The baseline performance of predicting the most prevalent class is a classification accuracy of approximately 65%. Top results achieve a classification accuracy of approximately 77%.
4. Sonar Dataset
The Sonar involves the prediction of whether or not an object is a mine or a rock given the strength of sonar returns at different angles.
It is a binary (2-class) classification problem. The number of observations for each class is not balanced. There are 208 observations with 60 input variables and 1 output variable. The variable names are as follows:
- Sonar returns at different angles
- Class (M for mine and R for rock)
The baseline performance of predicting the most prevalent class is a classification accuracy of approximately 53%. Top results achieve a classification accuracy of approximately 88%.
5. Banknote Dataset
The Banknote involves predicting whether a given banknote is authentic given a number of measures taken from a photograph.
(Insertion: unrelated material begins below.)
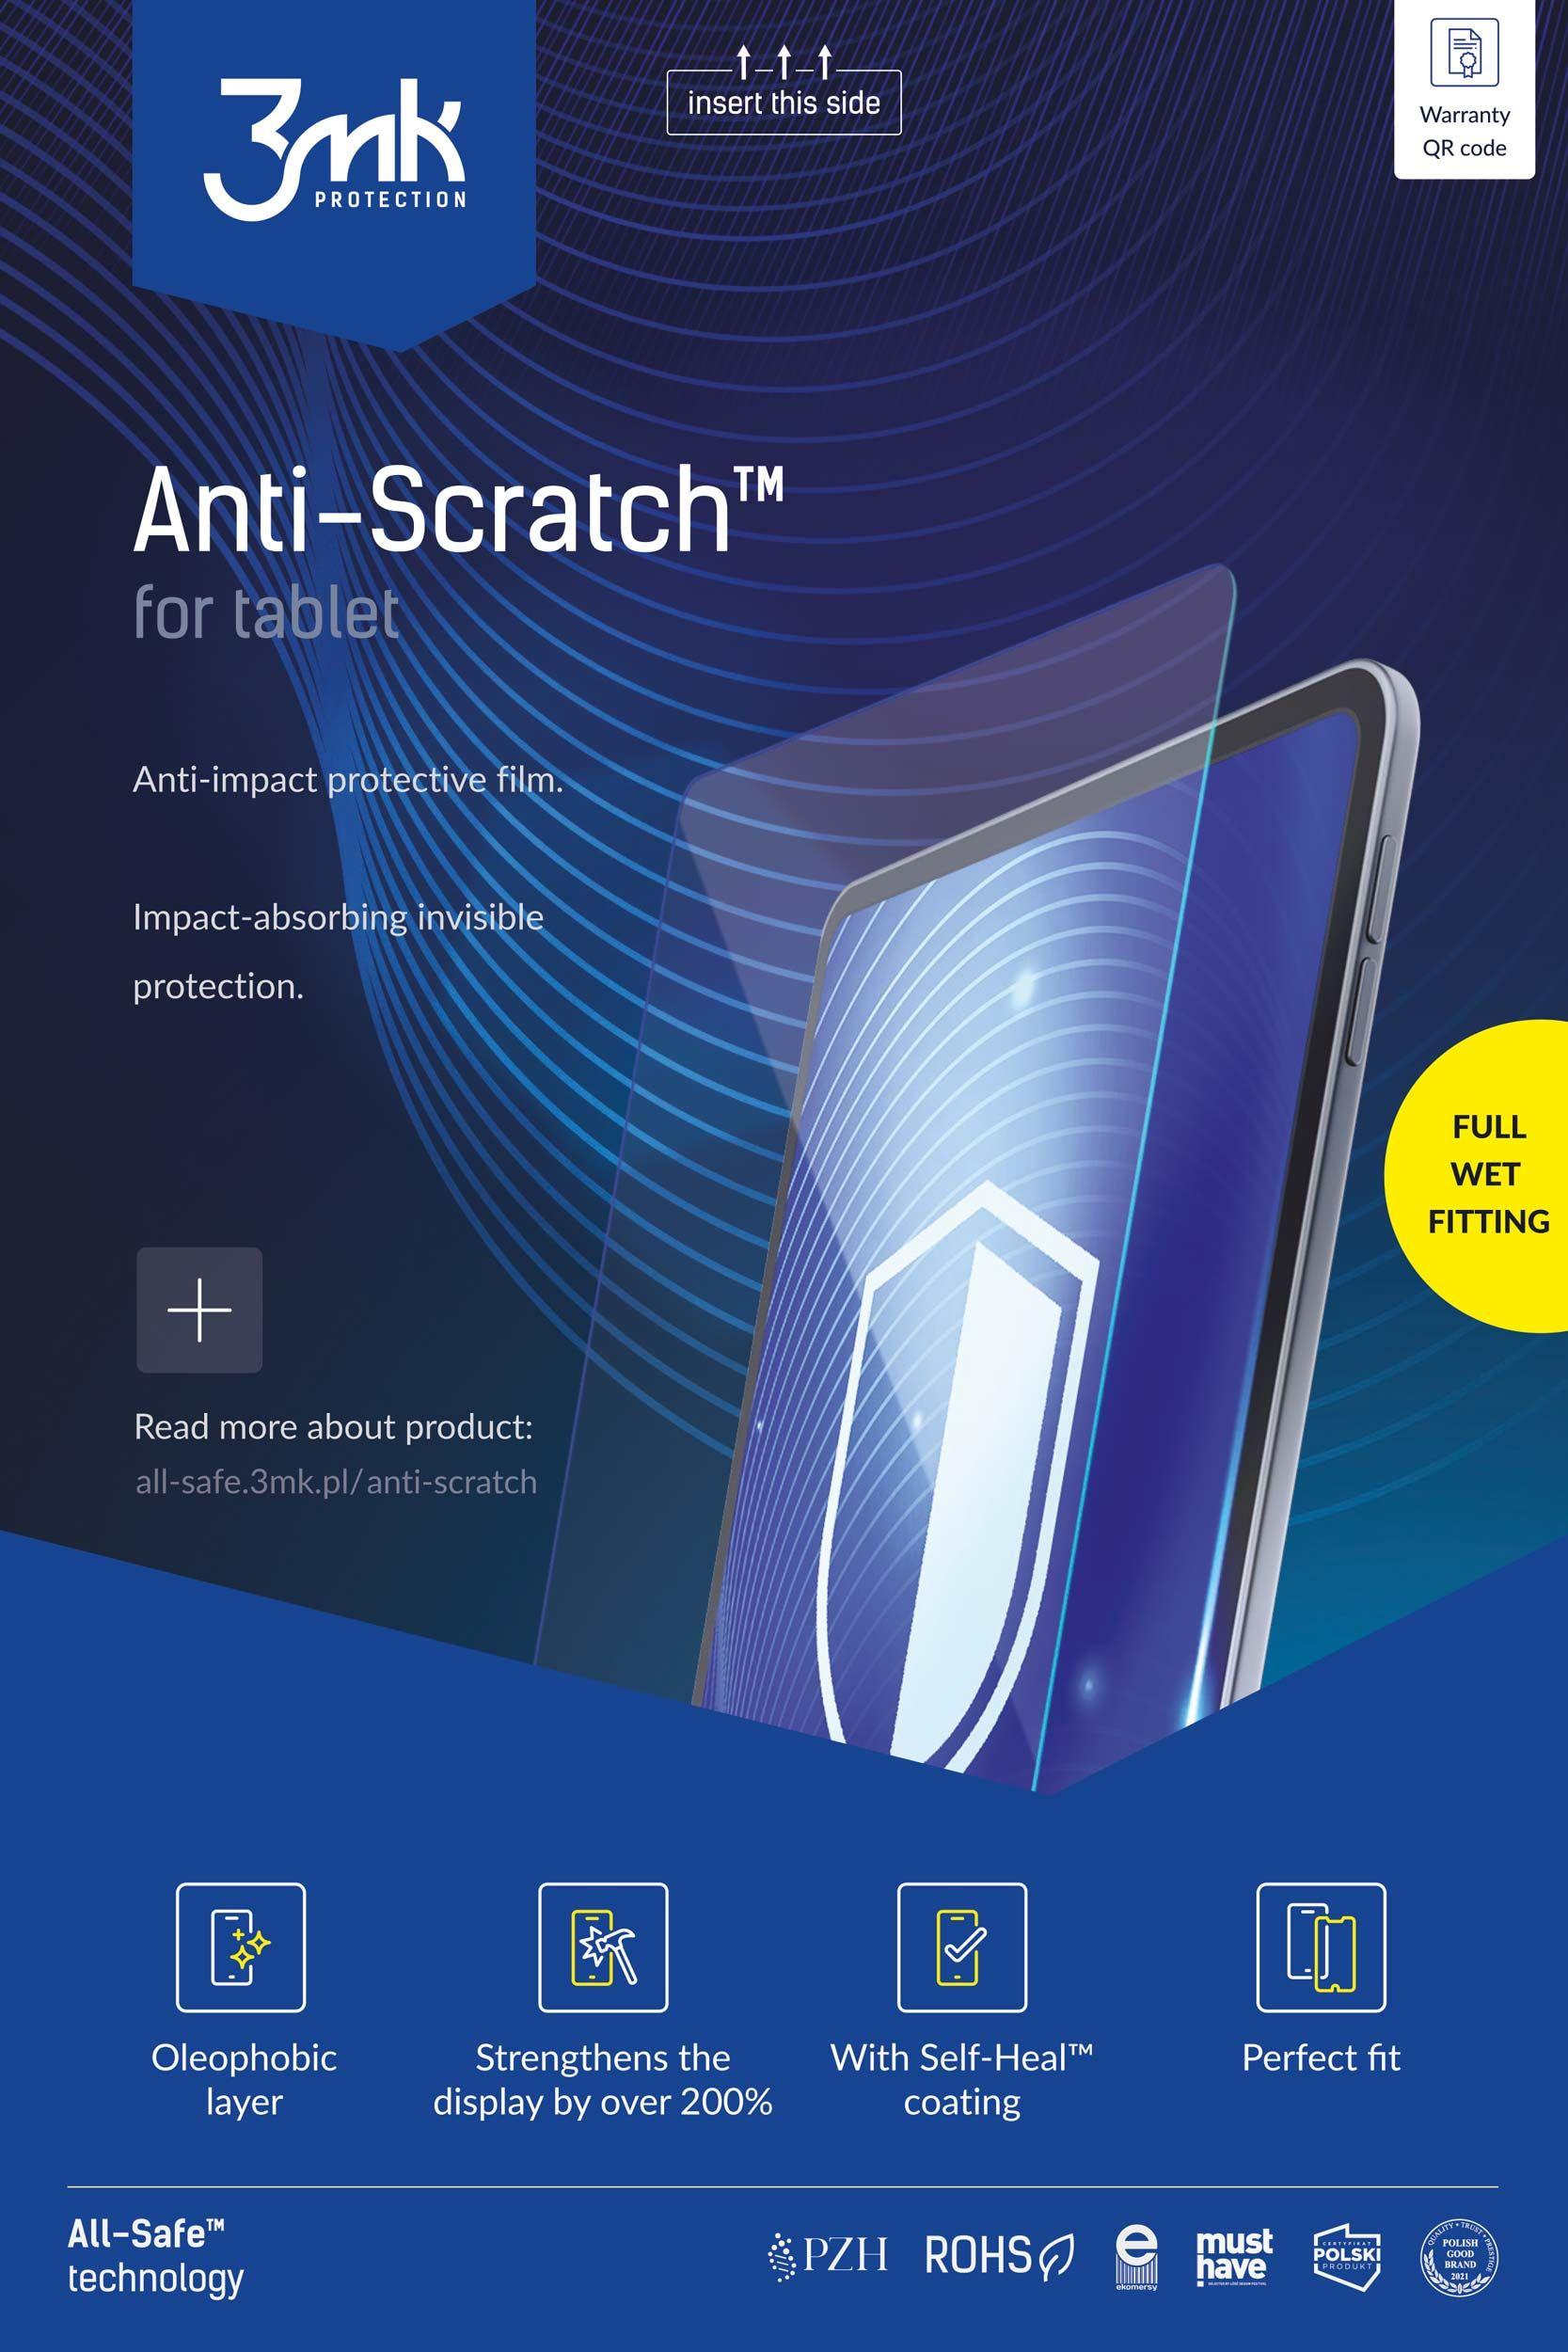 Protective films 3mk All-Safe - AIO Anti-Scratch Tablet Full Wet Fitting 5 pcs (only compatible with the new plotter)

It is a binary (2-class) classification problem. The number of observations for each class is not balanced. There are 1,372 observations with 4 input variables and 1 output variable. The variable names are as follows:
- Variance of Wavelet Transformed image (continuous).
- Skewness of Wavelet Transformed image (continuous).
- Kurtosis of Wavelet Transformed image (continuous).
- Entropy of image (continuous).
- Class (0 for authentic, 1 for inauthentic).
The baseline performance of predicting the most prevalent class is a classification accuracy of approximately 50%.
6. Iris Flowers Dataset
The Iris Flowers involves predicting the flower species given measurements of iris flowers.
It is a multi-class classification problem. The number of observations for each class is balanced. There are 150 observations with 4 input variables and 1 output variable. The variable names are as follows:
- Sepal length in cm.
- Sepal width in cm.
- Petal length in cm.
- Petal width in cm.
- Class (Iris Setosa, Iris Versicolour, Iris Virginica).
The baseline performance of predicting the most prevalent class is a classification accuracy of approximately 26%.